Part of the queasiness I go on feeling is to do with my not enjoying the spectacle of authority being twitted. It doesn’t matter where we stand on Paxman, who sometimes performs the role of tweaker of the noses of authority himself – in this instance he was simply the voice of “how we normally talk about things” and Brand the spirit of anarchic mischief, licensed to spin like a naughty angel on a pin head. Some people enjoy the sight of kids making grown-ups look daft: I don’t. Not because I am by nature on the side of authority – I wouldn’t be a novelist if I were, and sometimes I too want to see it all go up in flames – but because I find cheeking cheap. It always upset me to see teachers outfoxed at school. Once, on the last day of term, our form-master was impersonated to his face by a boy with a reputation for unruliness. The class became a riot of celebration. It was like carnival – the usual order of things turned, for a brief moment, magnificently upside down. But for me, the indignity suffered by the teacher, though I no more cared for him than the others did, was unbearable to see. And I found nothing to applaud in my classmate’s spirit of unlawfulness. I would as soon have cheered on someone kicking a dog.

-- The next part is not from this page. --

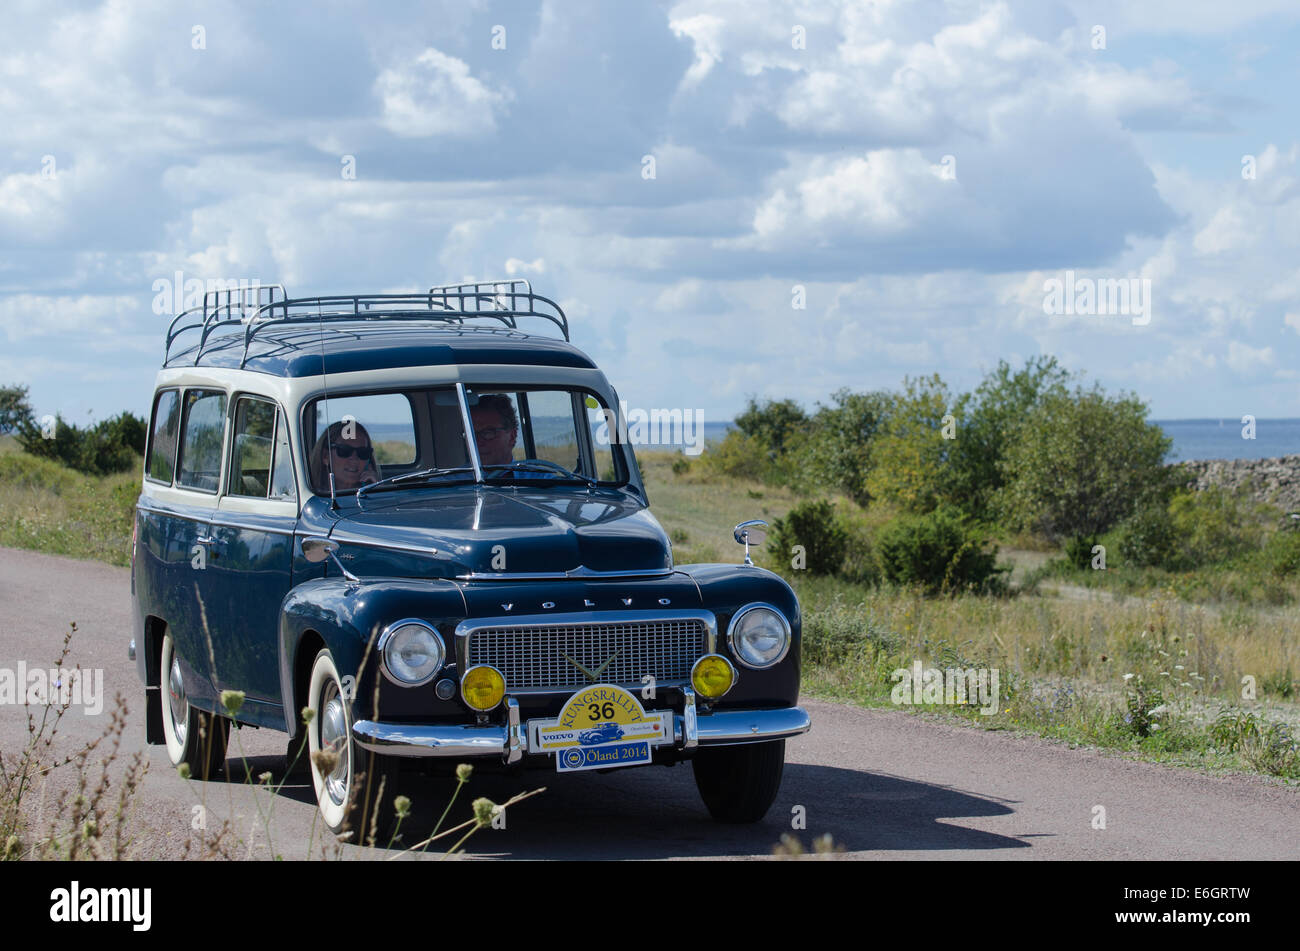 Octavia 440 Spartak 1957 classic oldtimer veteran old timer car

And it feels no different from the inside. On the rare occasions I have made light of people hamstrung by their seniority or over-seriousness, I have immediately felt ashamed. Not so much because of what was owing to them, as because of what had been released in me: a self-pleasing impishness that owed nothing to whatever cause I was espousing, but everything to the impulse to show off and belittle.

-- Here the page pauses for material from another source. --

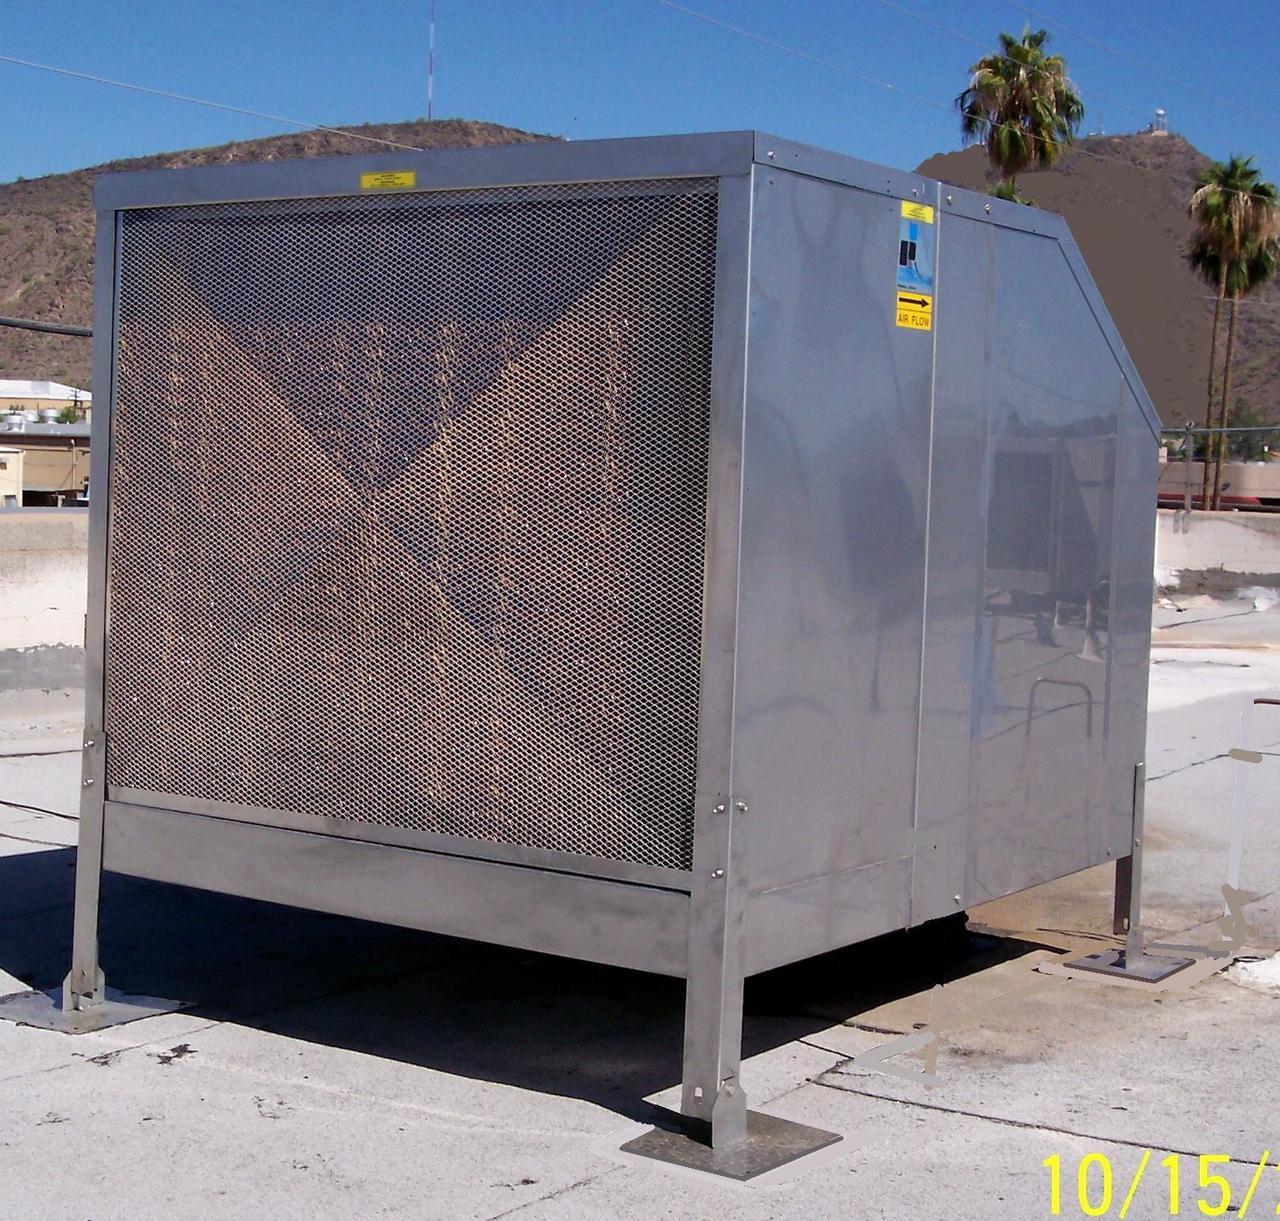 Stainless Steel Evaporative Cooler 6000 Cfm Premiercool

There is a media fad at the moment for inviting comedians to expatiate – to sound like Brand again – on serious matters, and since the distinction between comedy and seriousness is spurious anyway, I am glad of it. But the comedians are inclined to want it both ways, now showing how unexpectedly learned and passionate they are, and now reverting, when the going gets tough, to playing the fool. They turn themselves, in other words, into moving targets, while the poor old politician, economist or social worker has to sit there stodgily being himself and himself alone. This was the difficulty Paxman had with Brand: one minute he was talking, in tried Newsnight fashion, to a person with a particular platform and an unusually showy vocabulary, the next he was trying to lay hands on a will-o’-the-wisp whose words went off like firecrackers, never staying still long enough to have meaning.

If I was reminded at times of the trouble inquisitors have with George Galloway – wondering whether they’re talking to a serious politician with dangerously extreme views, or an ad hominem buffoon – I was reminded even more of those interminably tedious clowns in Shakespeare who mix madness with matter. These are impossible to reason with, since the moment you tackle them on matter they take cover in madness. Pertinent they might sometimes be, but they are seldom there when the essential business of the play is being settled. They are a sideshow at best.

I understand what this sideshow is for. When the king cannot see because he is lovesick, gullible, or simply too full of self-regard, a little jesting might restore him to his wits. Thus, when our politicians grow blind to the concerns of those they govern, it can’t hurt to expose them to ridicule. But we’d be fools ourselves to turn the clown into a better version of the thing he mocks. Scepticism demands that we mistrust everyone alike, the courtier and his jester.

As for lightening up Newsnight with guests from the world of fun, this is hardly a good idea given that it is one of the few moments of respite from the world of fun we have. Throwing Paxman into the animal cage might make for what some call “good television” but it’s an abrogation of Newsnight’s purpose. Or does television now want to call time on seriousness – except of the toy-soldier, firebrand sort – altogether?